My daughter came to me today with a connundrum.  She has a longstanding friend who recently told her that he's developed romantic feelings for her.  When he initially told her this, she acknowledged his feelings, but said that she thought of him as a friend.  Since then, she's come to the conclusion that she has feelings for him as well.  She asked me what to do.  I told her to go for it.  She's concerned that things won't work out, and that she'll lose the friendship.  I still said that she should go for it.

When I was younger, I had the same thing happen to me.  I met Debbie my sophmore year in high school.  She was a freshman.  The first time I talked to her, I wanted to be more than friends, but she put me in the friend zone.  I was okay with this.  Over the years, we spent hours on the phone, hung out together all the time, and shared everything... except romance.  When I graduated high school and went into the Marine Corps, we still kept in touch... letters, phone calls, and the mandatory visits when I was home on leave.
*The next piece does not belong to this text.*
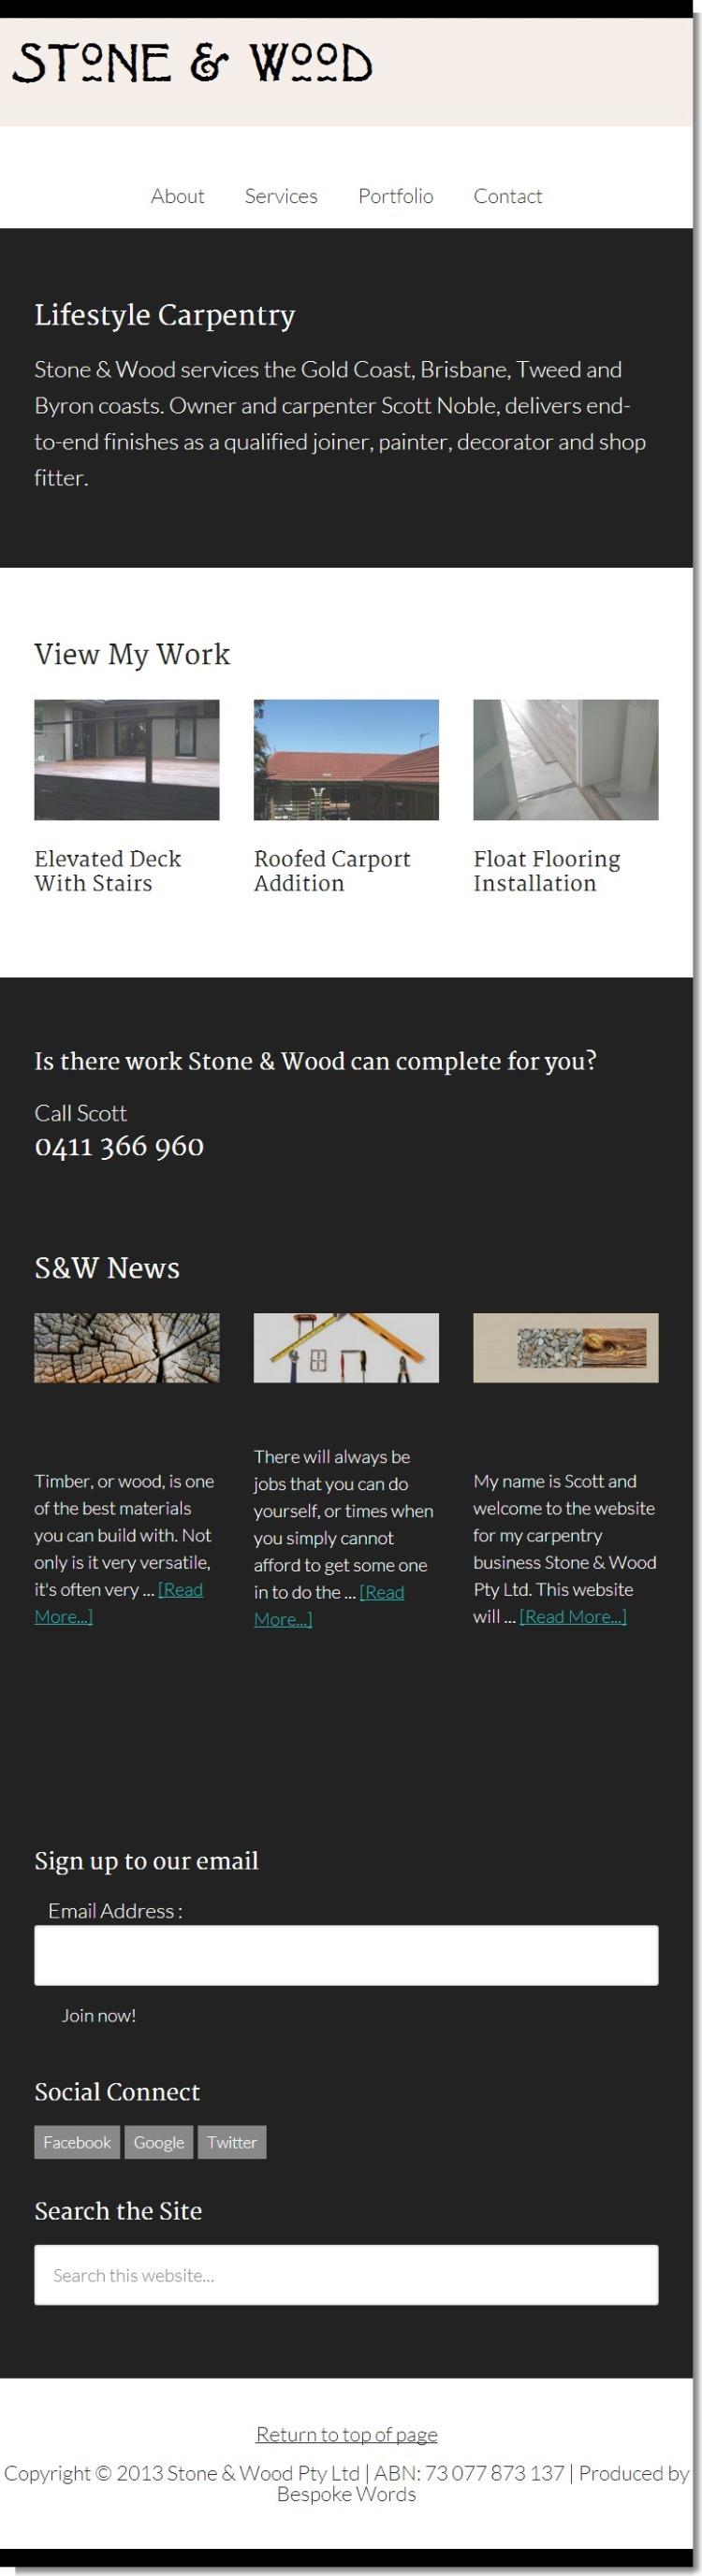 www.stoneandwood.net.au

When I was in the Persian Gulf, I called her one night while I was on liberty.  We talked for about 30 minutes, and during the call she said the magic words... "I love you."  I still remember it like it was yesterday.  I laughed out loud and said "WHAT?!?"  Yeah, that totally came out wrong.  I immediately apologized and clarified that my laughter and dismay was out of pure joy.  I had waited years to hear those words from her.

We corresponded incessantly during the remainder of my deployment, and when I returned to the States, I immediately went home... home to her.  We were inseparable until I had to return to duty, but we maintained a long distance relationship.  I flew her out to see me... the one and only time I did that for anyone.  We spent another glorious week together.

After that, things started falling apart.  I was a conservative member of the Armed Services, and she was a liberal Political Science major.  Both of us believed that our world view was superior to the other's... mine because I was out living in the real world and experiencing things she couldn't see in school... hers because she was receiving higher education, and I just wasn't enlightened.  Our conversations were increasingly confrontational, and then less frequent.  Eventually, I came home on leave again; but I knew that we had to end things.

When things ended, we went our separate ways.  Within a year, I got married and had my first child.  She went to law school and became an attorney.  As you'd expect, things were never the same between us afterwards.  I still called and sent cards for a few years, but eventually we drifted apart.  For a long time, I suspected that I broke her heart, but years later I learned that I probably loved her more than she loved me.

To this day, I occasionally wonder how she's doing.  Don't get me wrong, I know she's successful, and I strongly suspect that she's happy.  That's not really the point though.  The point is that I knew what I wanted.  I hung in there.  I won her heart... for a short time.  In the long run, things didn't work out, and we went our separate ways.  With all of that said though, I don't regret taking the chance.  Realistically speaking, we probably would have gone our separate ways whether or not we made the leap and tried a romantic relationship.  This way though, I will not spend the rest of my life asking "What if...?"  Now I know.

3 comments:

rayray said...
This comment has been removed by the author.
rayray said...

my two cents, also, go for it!
relationships built on friendship can be stronger than jumping right in with "hey, will you go with me?".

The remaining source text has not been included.